Smog in milder -- but still unhealthy -- doses settled in the Santa Clarita, San Fernando, San Gabriel and San Bernardino valleys on Friday, capping two weeks of mostly poor air quality, according to the AQMD.

The summer of 2003 is shaping up as the most polluted year since 1998 -- the last time a first-stage alert was called. It comes on the heels of several years of minimal air quality improvements and signals serious vulnerabilities in the decades-long fight to clean the nation’s smoggiest region.

“This is a significant setback in our progress toward clean air and it underscores the need for further pollution control at the local, state and federal level, especially as it relates to cars and trucks,” said Barry Wallerstein, executive officer of the AQMD.

So far this year, 33 days of unhealthful air quality have occurred across the region, nearly twice as many as this time last year. Breezes blow most of the pollution inland, with communities from Simi Valley to Santa Clarita to Riverside tending to suffer the most.

Ozone is a colorless gas that forms in the air when emissions from tailpipes and smokestacks as well as paints and household chemicals mix with sunshine. It is highly corrosive and can destroy lung tissue, causing shortness of breath, headaches, nausea and dizziness. The federal government ranks air pollution in the Los Angeles region as extreme, the worst designation in the nation.

Advertisement

Lewis Murray, executive director of the Lake Arrowhead Communities Chamber of Commerce, said air quality was noticeably poor in the mountains and he worries what it might mean for visitors during the height of vacation season.

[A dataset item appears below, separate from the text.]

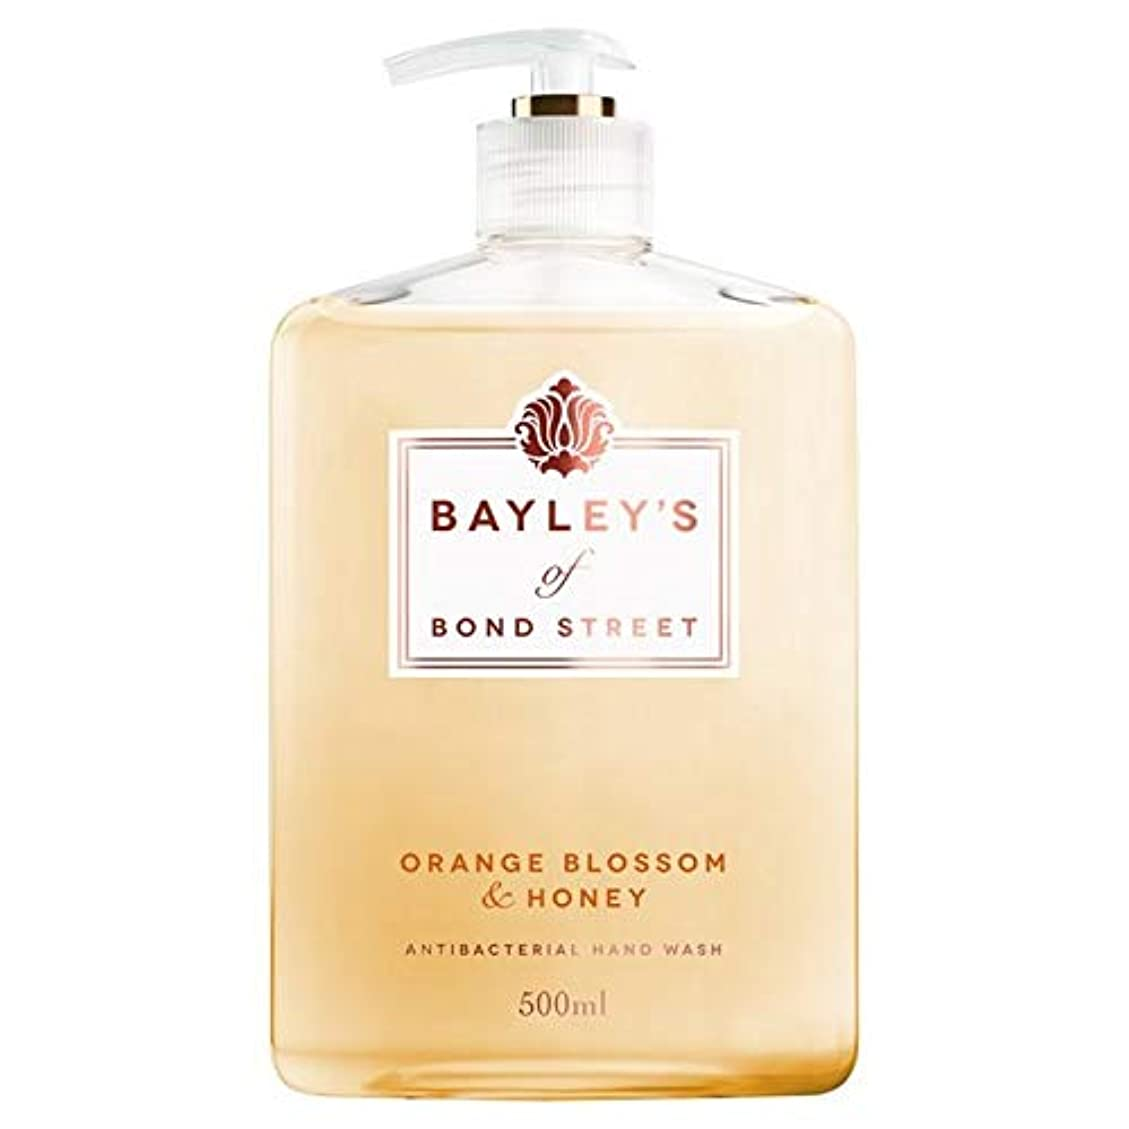 引っ張るセーターできる[Bayley's of Bond Street ] ベイリーのボンドストリートオレンジブロッサム&ハニーハンドウォッシュ500ミリリットルの - Bayley's of Bond Street Orange Blossom...
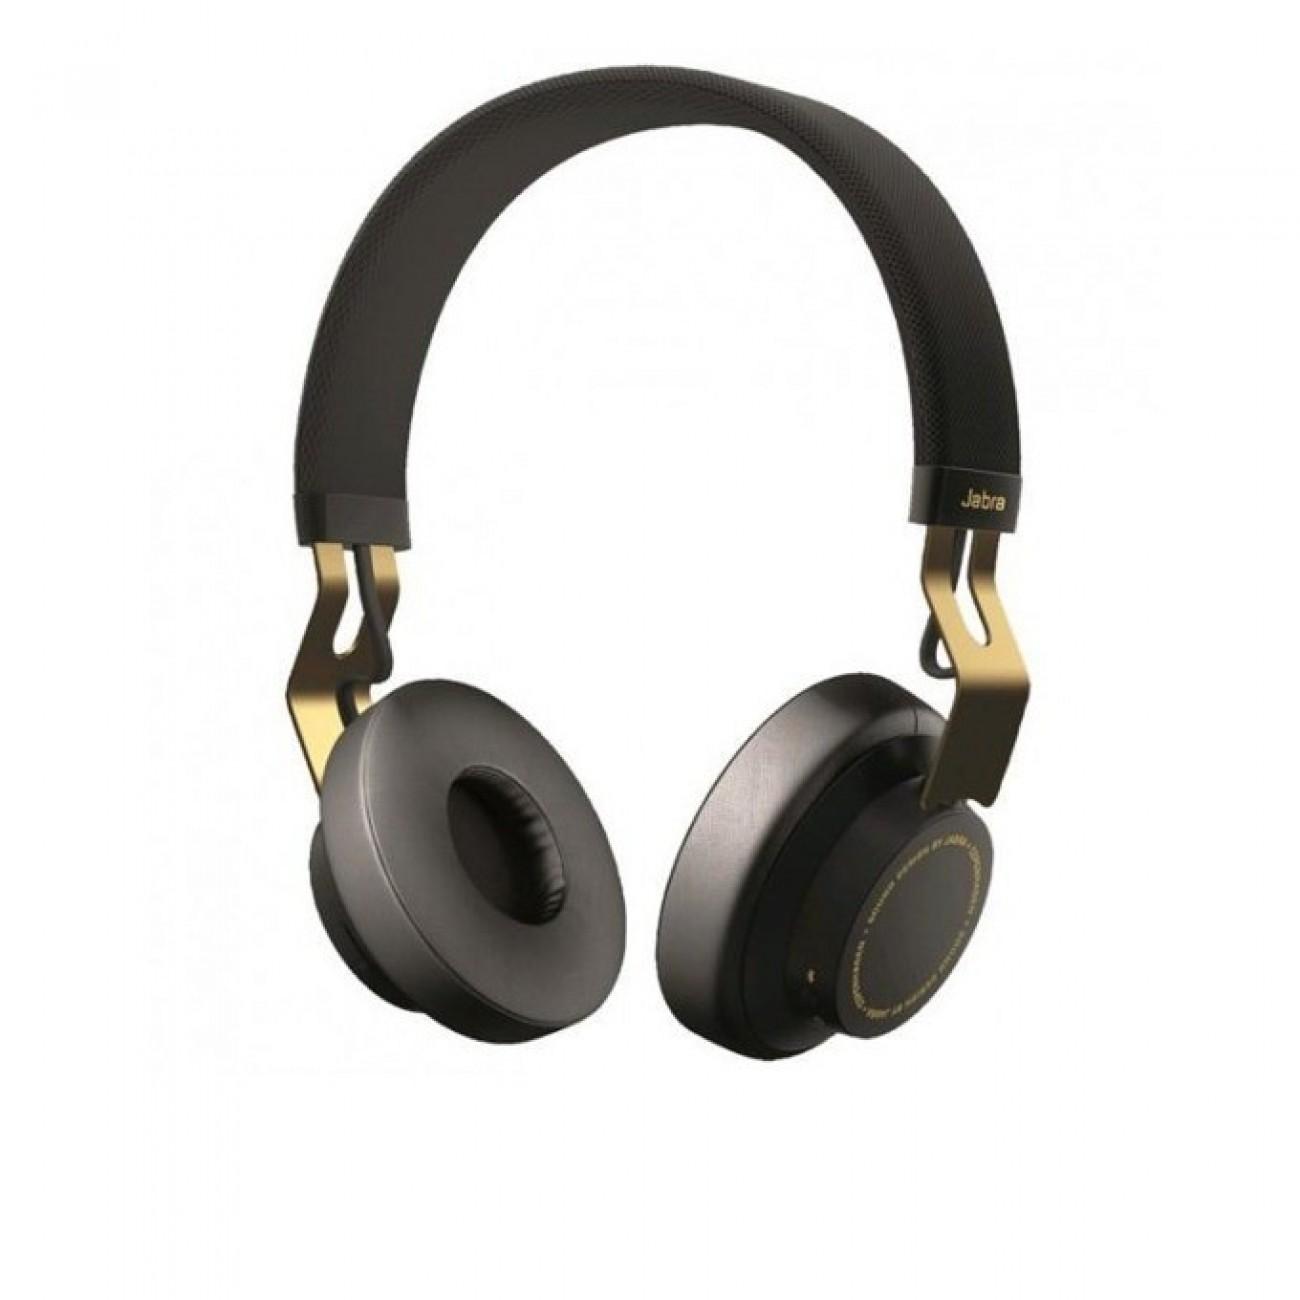 Слушалки Jabra, Move Coal, Bluetooth, добро качество на звука с дълбок бас, Златисти/Черни в Bluetooth аксесоари и Handsfree -  | Alleop

“It did seem kind of hazy today. It’s so hot up here today, so I’m not surprised,” Murray said Friday. “I don’t think of us having smog problems up here. I keep hearing how the smog is decreasing, and I just assumed that with the changes in automobiles we had turned the tide on smog.”

Indeed, the Los Angeles smog cleanup is widely regarded as one the nation’s great environmental success stories. Despite rapid growth and 10 million vehicles on area highways, days of unhealthy ozone have been cut by 70% over the past 15 years. The worst days, when ozone reaches the very unhealthy mark as it did in the mountains Friday, were thought to have been eliminated in 1998.

Montclair City Councilman Leonard Paulitz, who represents Inland Empire cities on the governing board of the South Coast AQMD, heard about the dirty air in Lake Arrowhead upon return from a meeting touting the success of the Los Angeles smog cleanup.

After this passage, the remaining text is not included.